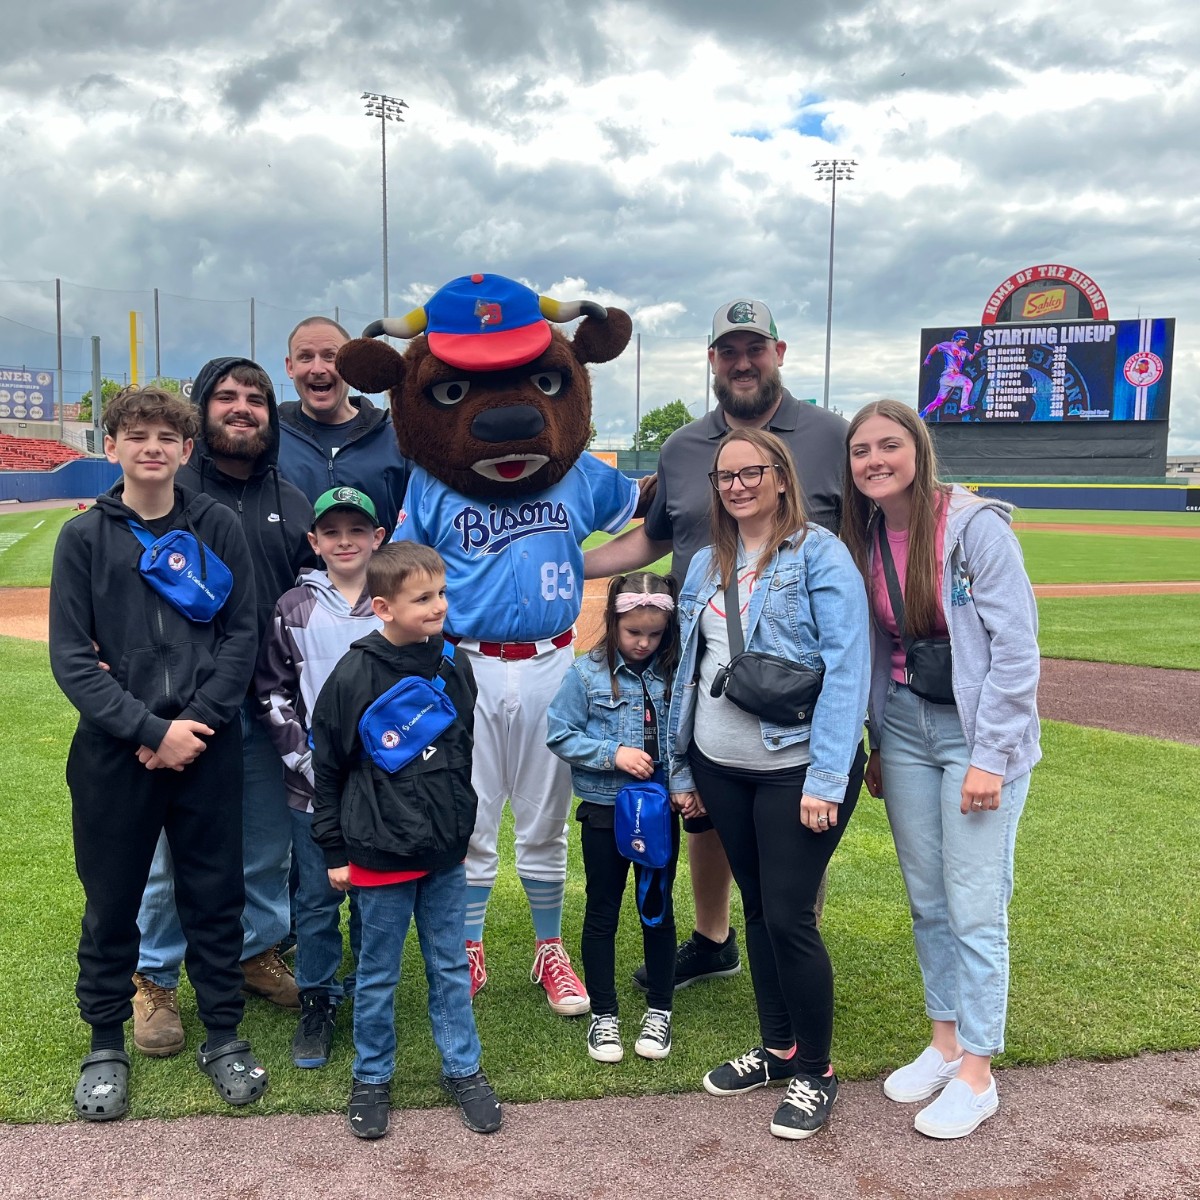 ⚾♥️ Batter up! Earlier this week we kicked off National Hospital Week and Mother's Day with the @BuffaloBisons. Associates from Mercy Hospital, Ashley Schmidt and Cindy McConnell, were welcomed onto the field to throw the first pitch. #HospitalWeek #MothersDay #CHBuffalo
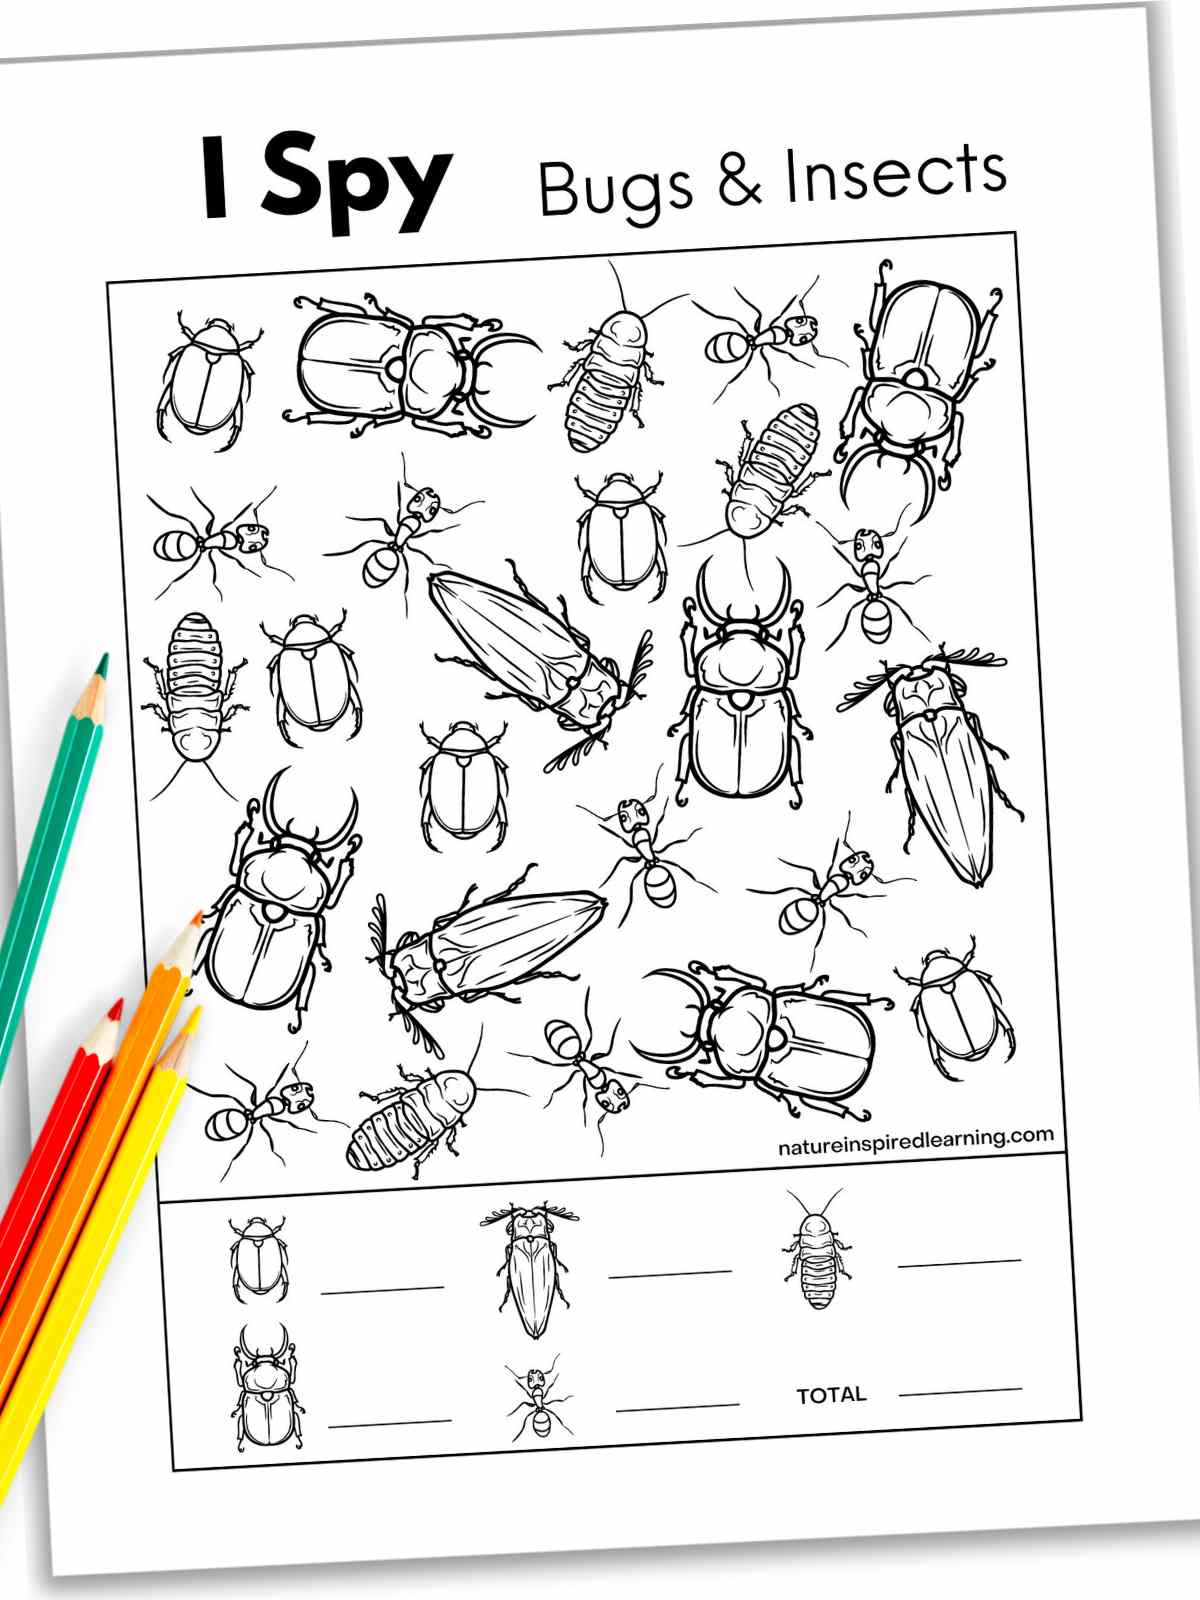 Black and white i spy worksheet with different insects including ants and beetles with colored pencils bottom left.
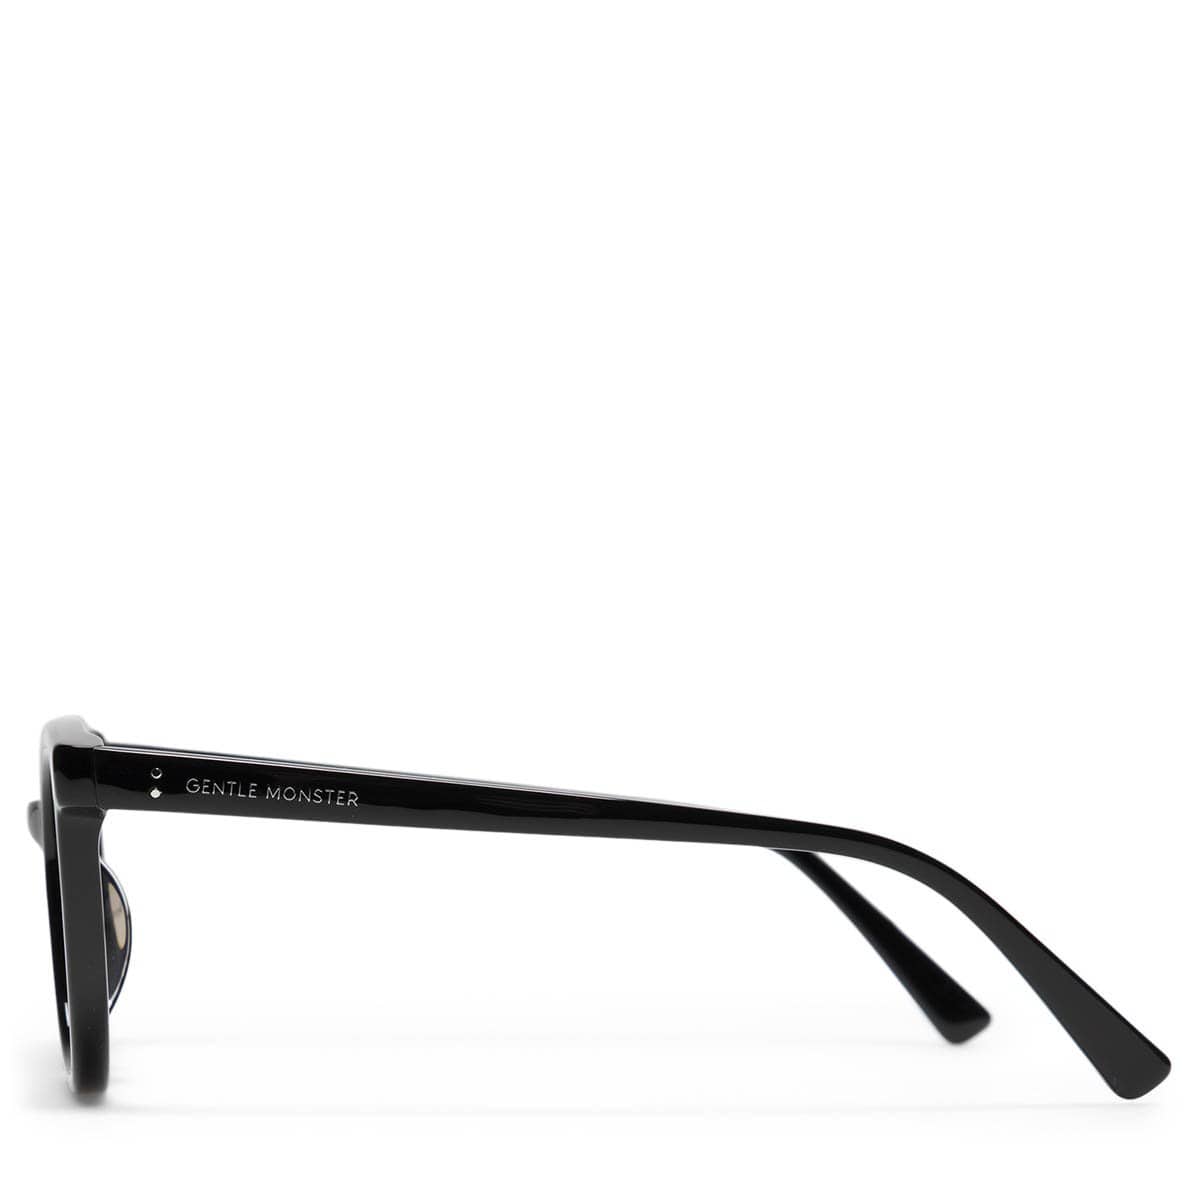 Gentle Monster Accessories - Sunglasses Black / O/S TOMY 01(BR)
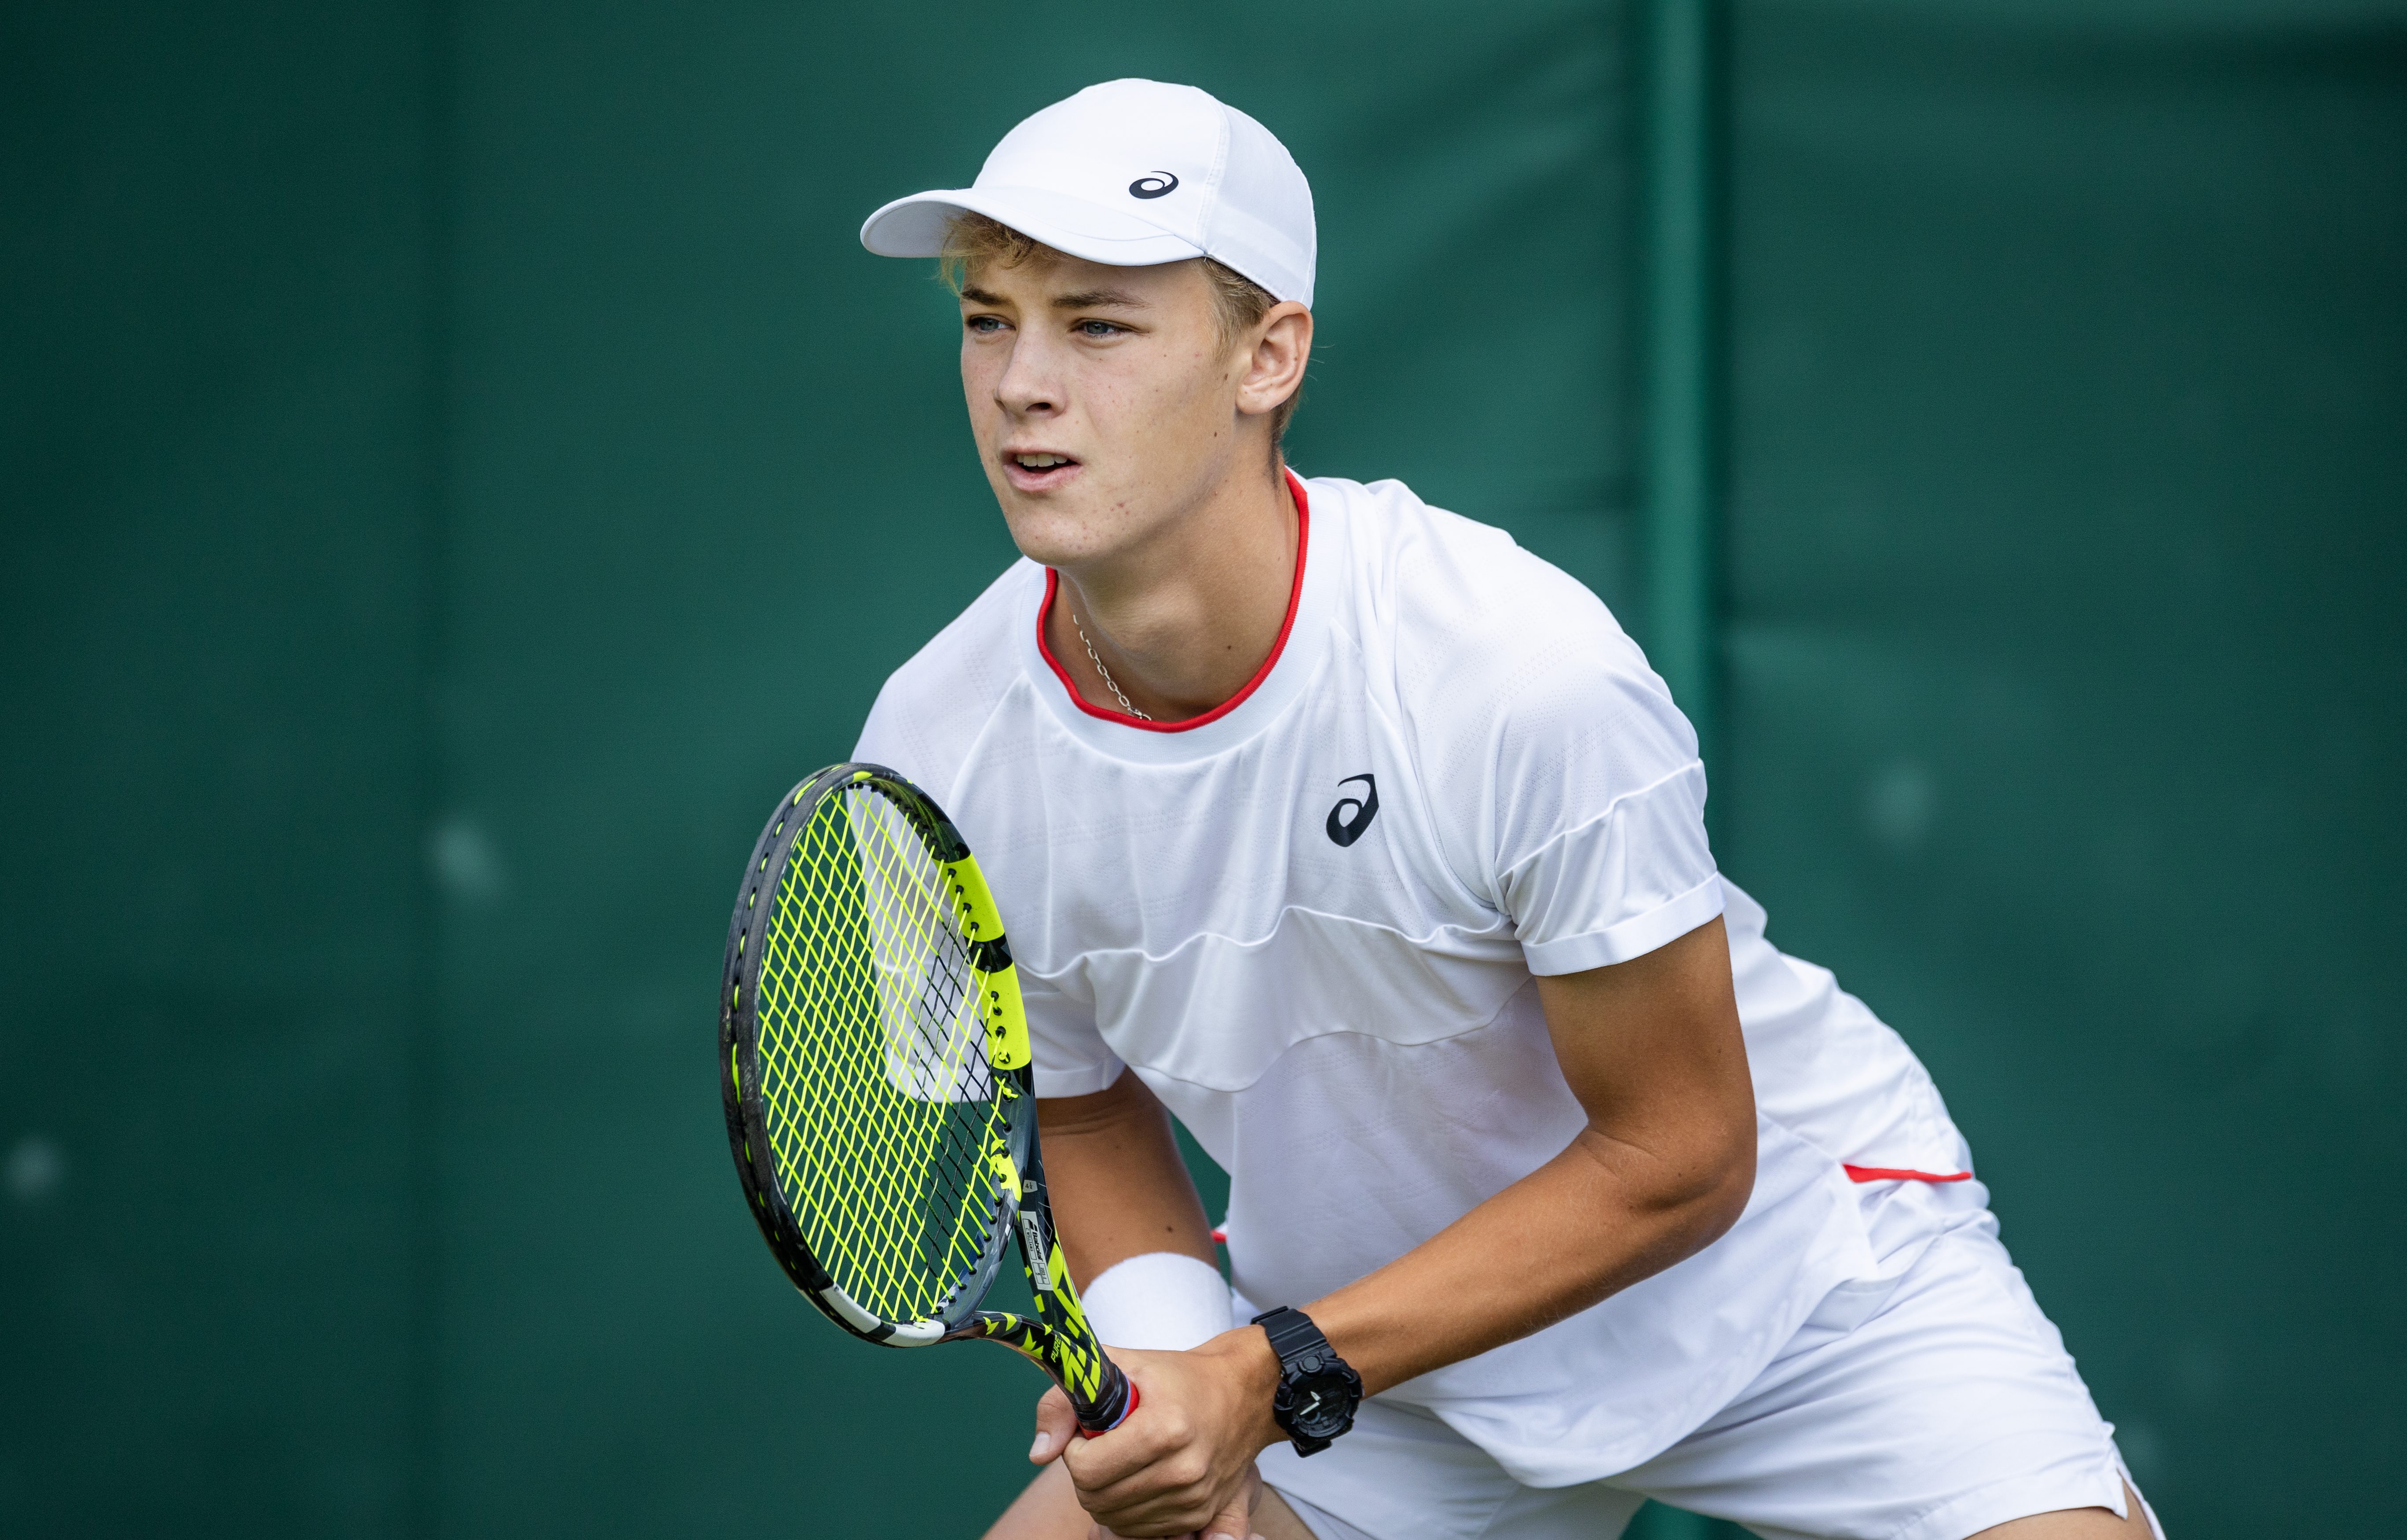 New York's Cooper Williams enters Jr. US Open as top-ranked American – NBC  New York

[Instructions to follow]: Reproduce the data above line for line, excluding every picture.

[Task result]:
 ⚾♥️ Batter up! Earlier this week we kicked off National Hospital Week and Mother's Day with the @BuffaloBisons. Associates from Mercy Hospital, Ashley Schmidt and Cindy McConnell, were welcomed onto the field to throw the first pitch. #HospitalWeek #MothersDay #CHBuffalo
 Black and white i spy worksheet with different insects including ants and beetles with colored pencils bottom left.
 Gentle Monster Accessories - Sunglasses Black / O/S TOMY 01(BR)
 New York's Cooper Williams enters Jr. US Open as top-ranked American – NBC  New York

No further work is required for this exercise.